PodWorld is designed to be fast (>500 FPS on usual laptops) without needing GPU and run cross platform in headless mode or with render.

How to Install

We highly recommend Anaconda to manage your Python environment.

From Source

Installing from source is recommended (pypi package may not be latest).

git clone https://github.com/sytelus/podworld.git
cd podworld
pip install . -e

Package install

pip install podworld

How to Use

PodWord implements full OpenAI Gym interface so you can easily instantiate and use environment. For example, below implements random agent:

from podworld.envs import PodWorldEnv

env = PodWorldEnv()
env.reset()
done = False
while not done:
    action = env.action_space.sample()
    obs, reward, done, info = env.step(action=action)
    # comment below to run in headless mode
    rendered = env.render(mode='human')

View source.

Observation, Action and Reward

All objects in PodWord obey laws of physics, have mass and can move due to application of force.

In the screenshot, the agent is colored in red. The agent perceives the world through its 64 pixel 360-degree camera generating 1x64 RGB image of its view. The camera can see only upto N units giving rise to inherent partial observability. The top strip in screen shot shows the agent view. The black color indicates empty space.

Agent can move in the world using its 16 actuators symmetrically placed around it. The action space simply specifies the 1-based index of actuator to activate. To activate no actuators set the action=0. When an actuator is activated, it generates a fixed thrust causing motion in opposite direction.

The environment has obstacles colored in purple that agent should avoid colliding with. If agent does collide with an obstacle, it receives a negative reward proportional to momentum of the obstacle.

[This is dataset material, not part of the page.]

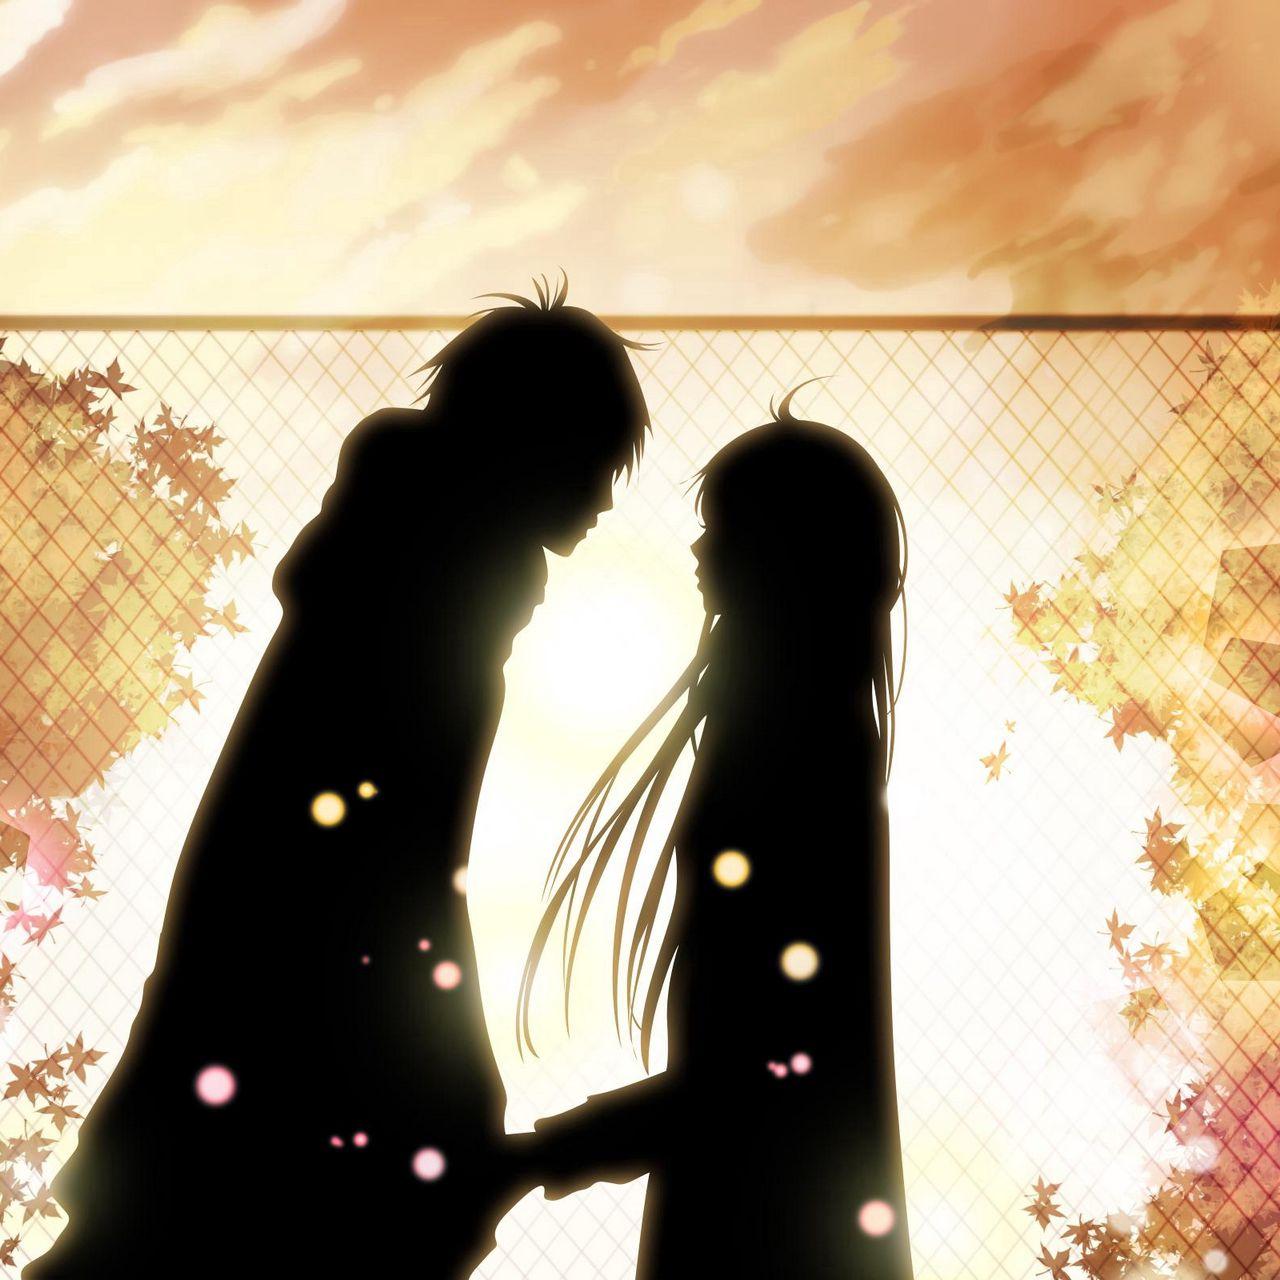 1280x1280 Wallpaper kimi ni todoke, girl, boy, love, feelings, meet, date, fall, leaves

The environment has food colored in green. Agent should strive to collide with food as much as it can. When agent collides with food, agent receives positive reward proportional to mass of the food object. After collision, food object turns to grey and will become green again after some amount of time. When food object is grey, agent receives no reward for colliding with it.

The environment also has rectangular dark pink bars that divides the space, sort of creating rooms that must be explored. The bars are assigned higher mass but they still move causing dynamic rooms that slowly change over time. Collision with these bars has zero reward.

The default task in the environment is to find and collect food while avoiding obstacles.

Customization and Hackability

The PodWorld is highly customizable. For instance, you can do all of the following simply by passing parameters in environment constructor:

  • Change the initial impulse causing environment that is slowly changing or very dynamic.
  • Change camera FOV and number pixels.
  • Change number of actuators, their placement and strength.
  • Change number of objects, their initial impulses, mass.

See constructor parameters for more details.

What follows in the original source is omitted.